Wandi, dari Wahana Lingkungan Hidup Indonesia (Walhi) Sulteng, menambahkan, pada awal Juli lalu Pemerintah Kota Palu, Balai Pelaksana Jalan Nasional (BPJN) dan para pengusaha tambang galian c, melakukan pertemuan di Kantor Wali Kota Palu. Pertemuan tersebut menyepakati beberapa keputusan, di antaranya pemeliharaan infrastruktur jalan, pengendalian kerusakan lingkungan, serta peran tanggung jawab sosial dan lingkungan.
Namun, Wandi melihat pemerintah seolah mengabaikan dan tidak serius dalam penanganan pengendalian daya rusak lingkungan yang berlangsung cukup lama. Buktinya, saat musim penghujan terjadi malah mengakibatkan banjir sangat parah di pesisir Palu-Donggala.

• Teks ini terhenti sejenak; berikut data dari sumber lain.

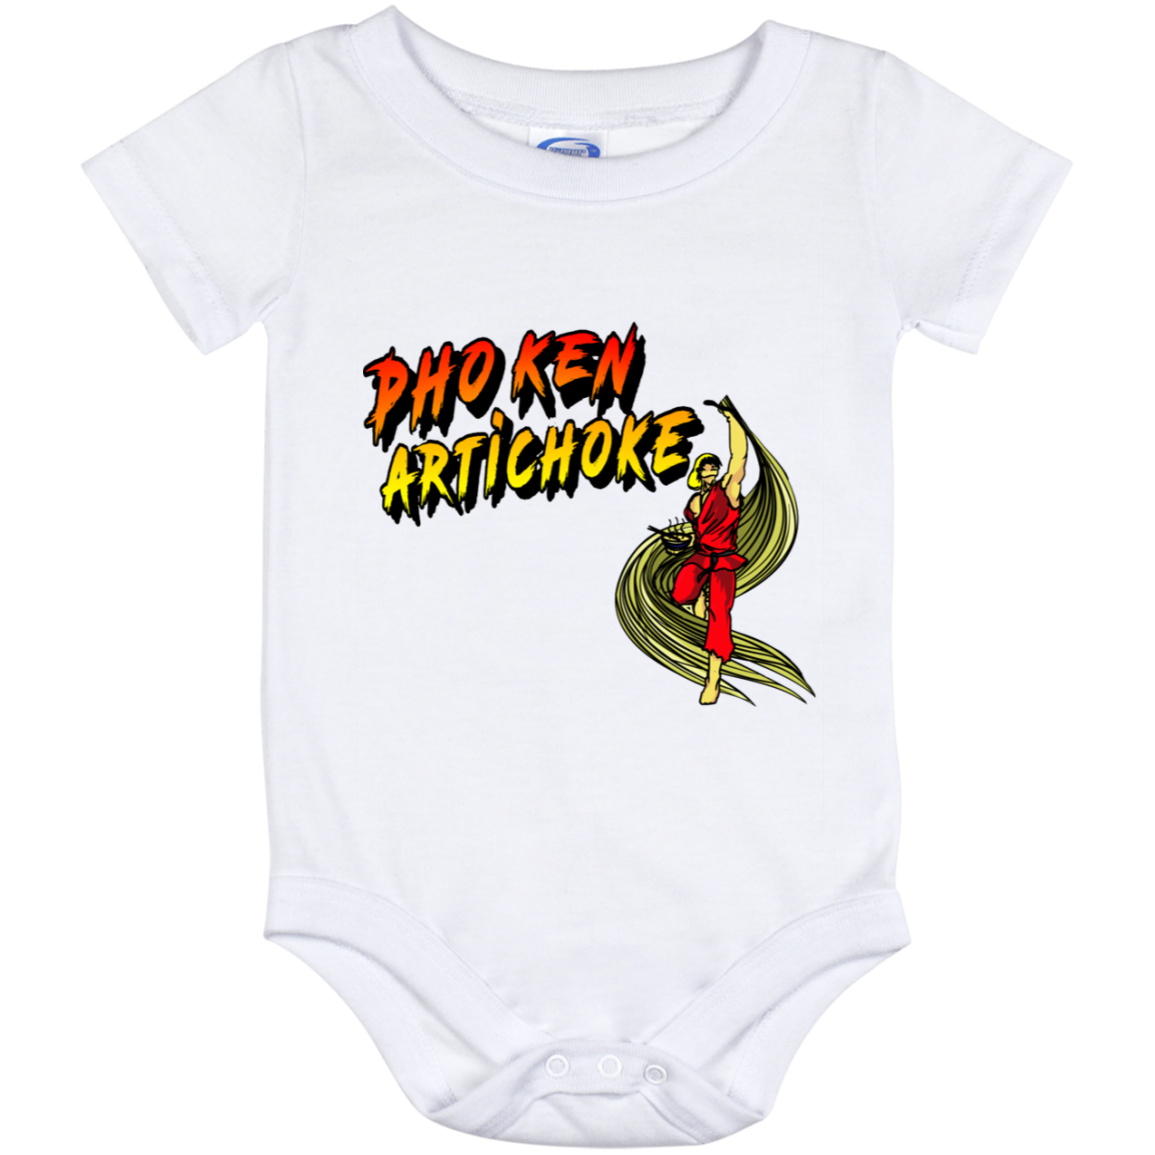 ArtichokeUSA Custom Design. Pho Ken Artichoke. Street Fighter Parody. Gaming. Baby Onesie 12 Month

"Kami mendesak gubernur dan wali kota untuk serius menangani aktivitas pertambangan sepanjang pesisir Palu-Donggala. Ini seperti ada pembiaran," kata Wandi.
Kondisi di Palu-Donggala, menurut Wandi, sangat ironis. Di satu sisi, keuntungan penjualan material yang diproduksi oleh perusahaan tambang di Palu-Donggala dan dikirim ke Ibu Kota Nusantara (IKN) sudah mencapai triliunan rupiah, dan Pemerintah Kota Palu sangat membanggakan keberhasilan meraih penghargaan Adipura.
Tapi di sisi lain, Palu bagian barat, khususnya di Kelurahan Buluri dan Kelurahan Watusampu, terdapat aktivitas tambang galian c yang melakukan ekstraksi sumber daya alam yang menyebabkan kerusakan lingkungan, bencana ekologis.
"Dan parahnya jumlah orang terpapar infeksi saluran pernapasan atas (ISPA), meningkat," katanya.